One exercise I discovered was aquafit, and I now go 3 times a week. I have a waist again, and am a lot more toned and flexible. It's also sociable and fun. Best wishes
 
I already am, started a diet and I walk nearly every day, but is it o.k that I allow myself 2 malted milk biscuits each evening as part of my Weight Watchers plan? I'm confused, should I not be eating any sugar at all, or drink any alcohol?

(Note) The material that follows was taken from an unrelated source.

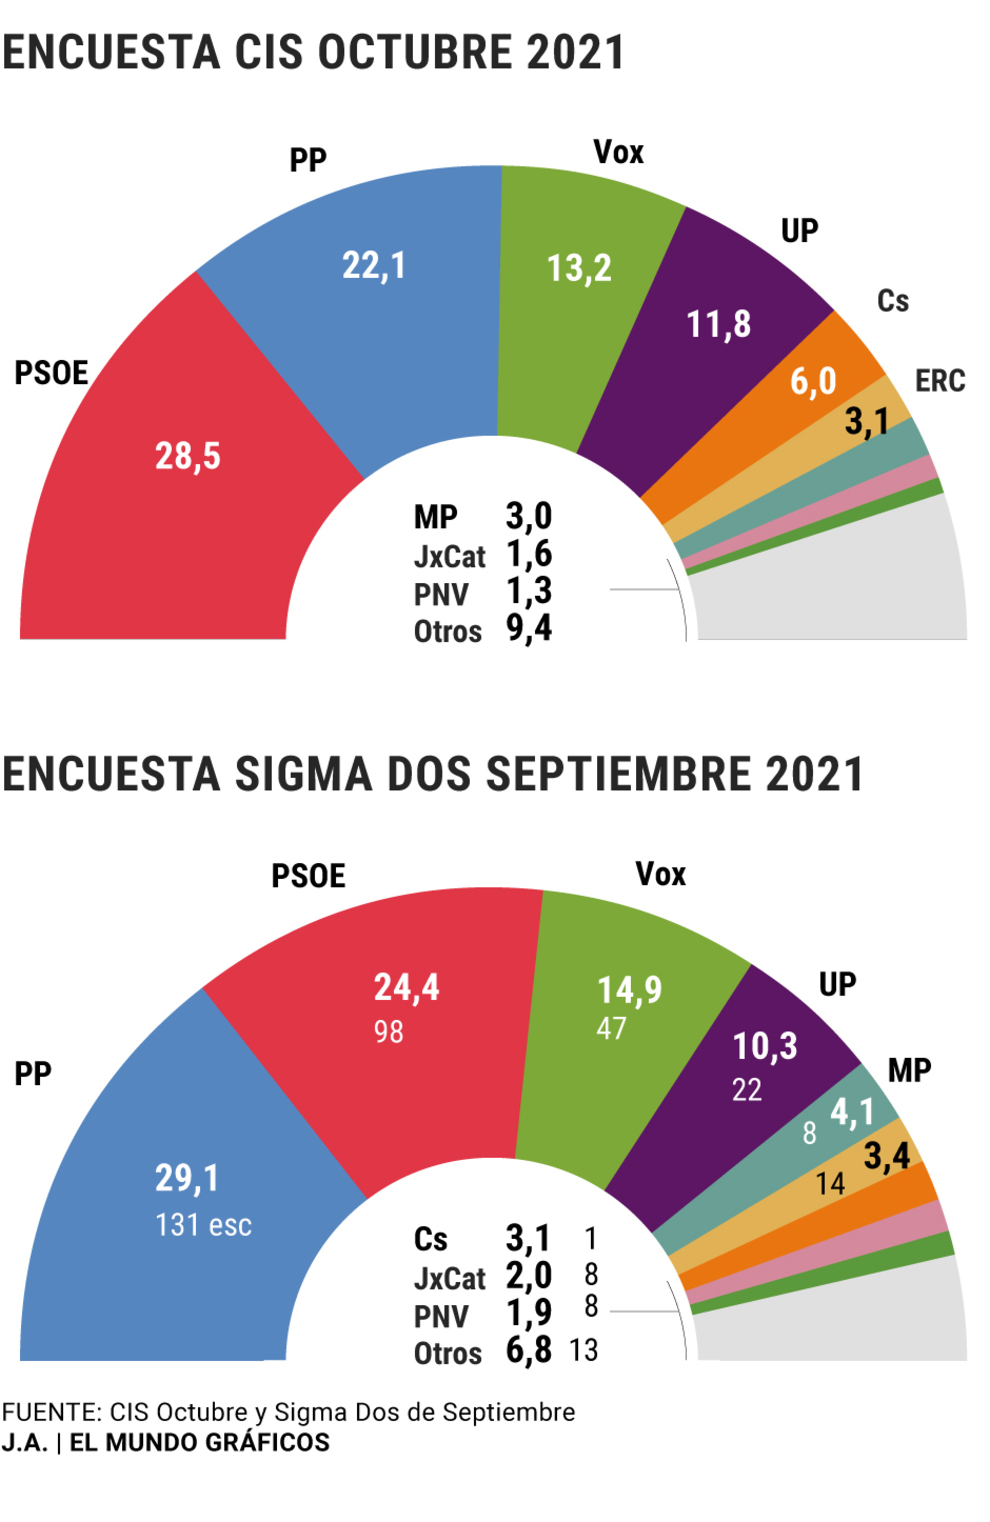 El PP crece, se acerca al PSOE y se aleja de Vox tras su convenci

Weight watchers is not designed for use controlling diabetes, but if you are losing weight then your numbers might reduce due to that - it will take time to resolve that though.
I was far higher into the diabetes range when diagnosed 91 - and I went straight to eating low carb as the carbs are the problem.
My blood glucose went back to normal, and now - over 5 years later, a lot of other things are normalizing too.
If you can cope with biscuits and still have normal blood glucose then that is fine - but I suggest using a meter and test strips to check what you are eating. It only needs to be for a little while, as once you see the numbers it should become clear what you can cope with and what causes spikes.
 
You may be able to adapt your weight watchers program to fit in with the need to reduce carbohydrates by making some substitutions for lower carb ingredients. You might want to check out this link for a low carb approach and see how it compares to the WW program. https://lowcarbfreshwell.co.uk/
But I would suggest that you get a blood glucose monitor so you can see what meals you can tolerate and give yourself the control over your condition.
The GlucoNavil is one with the cheapest strips available on line, you get a few strips and lancets with the kit but should buy extra at the outset.